Gdy razem z siostrą byłyśmy małe, każdego ranka ósmego marca zaczynało się od pukania do drzwi i pytania: „Damy, czy jesteście ubrane? Możemy wejść?”
Kobiety w bawełnianych koszulach nocnych krzyczały w odpowiedzi, że oczywiście są gotowe, więc niech śmiało wchodzą. Tym bardziej że doskonale wiedziałyśmy, iż czekają na nas prezenty!
Do naszego pokoju wkraczał tata, trzymając dwa bukiety kwiatów i dwie identyczne paczuszki, w których leżały te same lalki.
Ojciec kilka razy próbował dawać nam różne upominki, ale szybko zrozumiał, że to nie najlepszy pomysł. Starsza córka (czyli ja) od razu miała wrażenie, że została niesprawiedliwie potraktowana, a lalka Kasi jest ładniejsza, większa i bardziej wystawna.
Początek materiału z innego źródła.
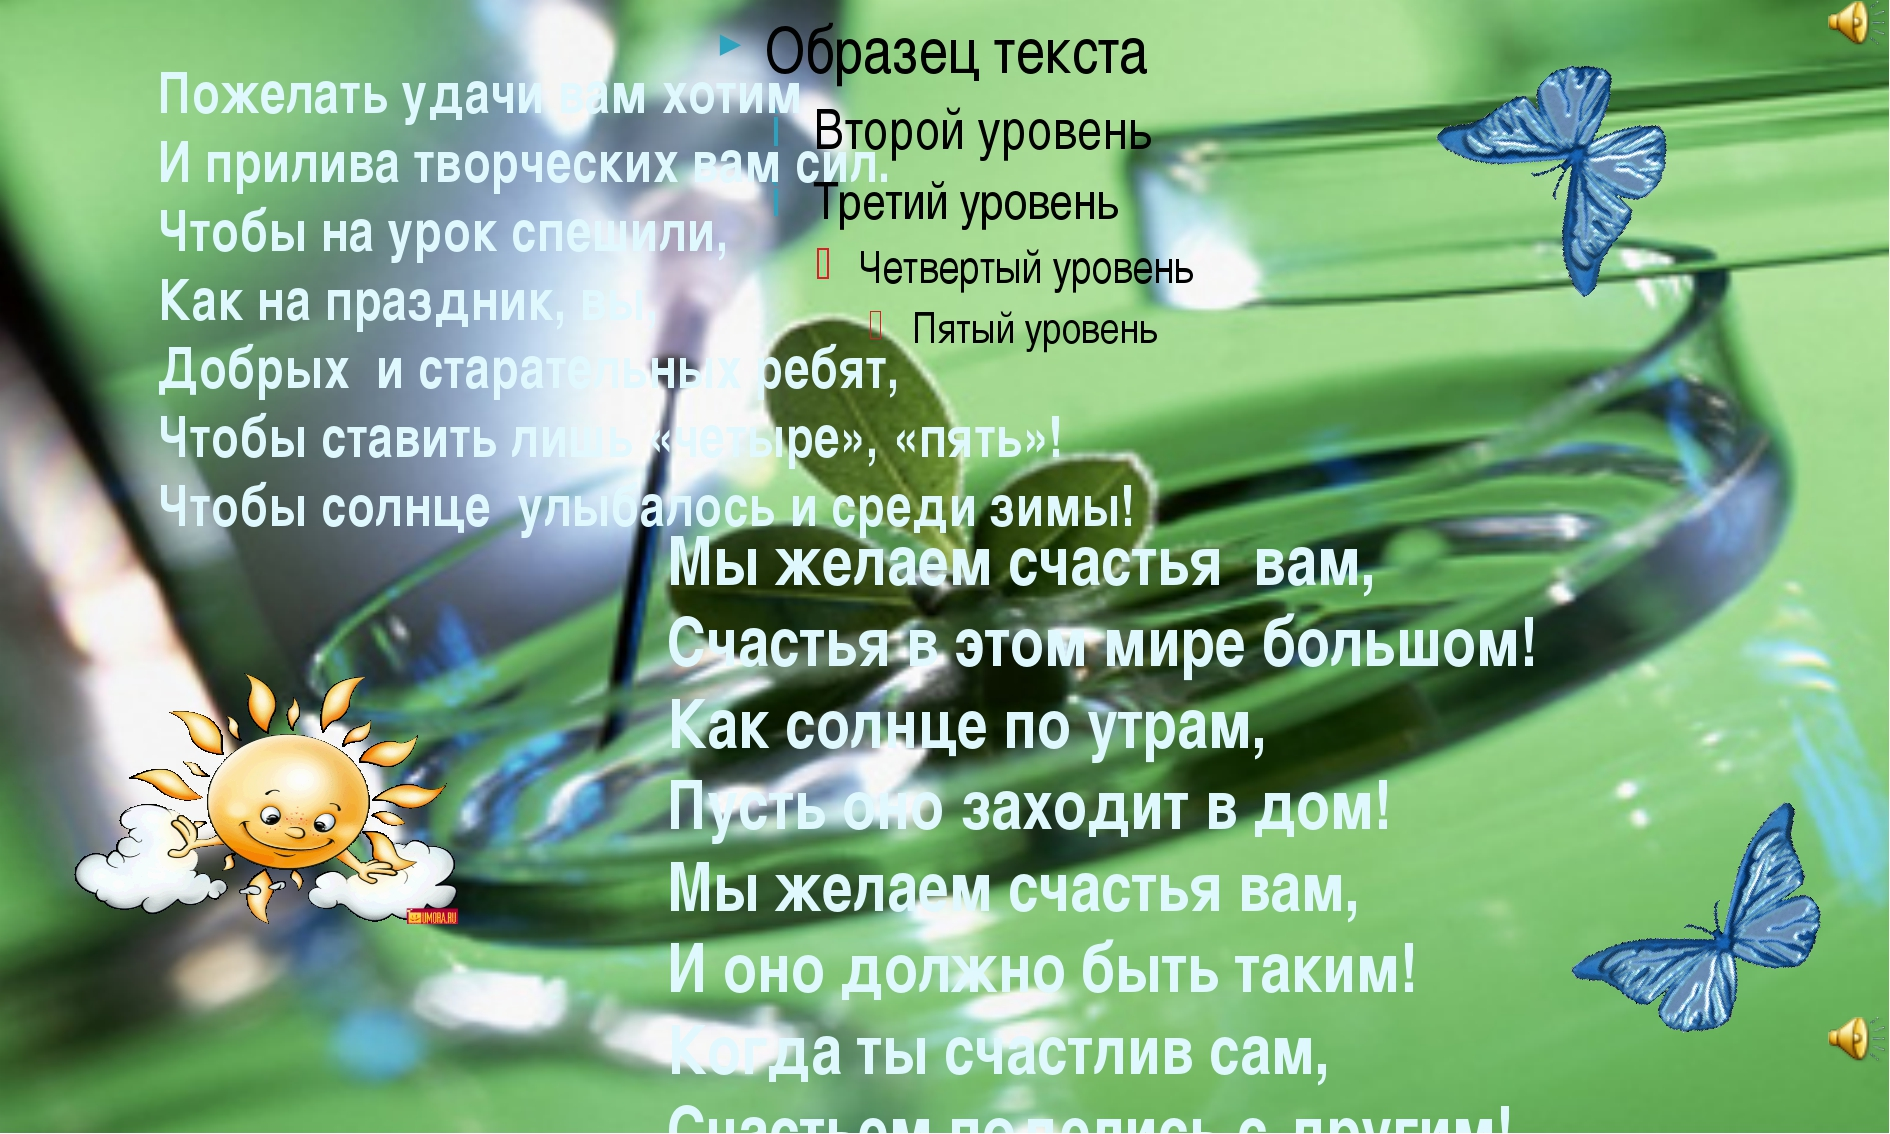 Мы желаем счастья вам, Счастья в этом мире большом! Как солнце по утрам, Пуст...

Młodsza (Kasia) zaś zawsze uważała, że to celowy zabieg, żeby podkreślić jej przedszkolny wiek.
Po jednej szczególnie burzliwej, podwójnej kobiecej scenie – która przyprawiła tatę o przedwczesne siwe włosy – postanowił odtąd wręczać nam wyłącznie identyczne prezenty.
I tak wraz z Kasią utwierdziłyśmy się w przekonaniu, że ósmy marca to dzień, w którym Najważniejszy Mężczyzna Na Świecie przychodzi do nas z kwiatami i paczuszkami, żeby nas czymś obdarzyć.
Jaka była przyczyna tego święta? Nieważne. Dla nas liczyło się tylko to, że przychodził wtedy Najważniejszy Mężczyzna Z Kwiatami I Prezentami.
W tamtym czasie tata był jedynym mężczyzną w naszym życiu (dziadek się nie liczył – bo przecież to nie mężczyzna, tylko staruszek, jak możecie tego nie rozumieć?). Jedynym i Najważniejszym. Innych nie było.
A potem minęły lata.
I ja, i Kasia zyskałyśmy innych Najważniejszych Mężczyzn, którzy rankiem ósmego marca przynosili nam kwiaty i upominki. Ale jakoś zawsze okazywało się, że zbyt pochopnie nadawaliśmy im ten tytuł. Bo ostatecznie wcale nie byli aż tak ważni. I na pewno nie Najważniejsi.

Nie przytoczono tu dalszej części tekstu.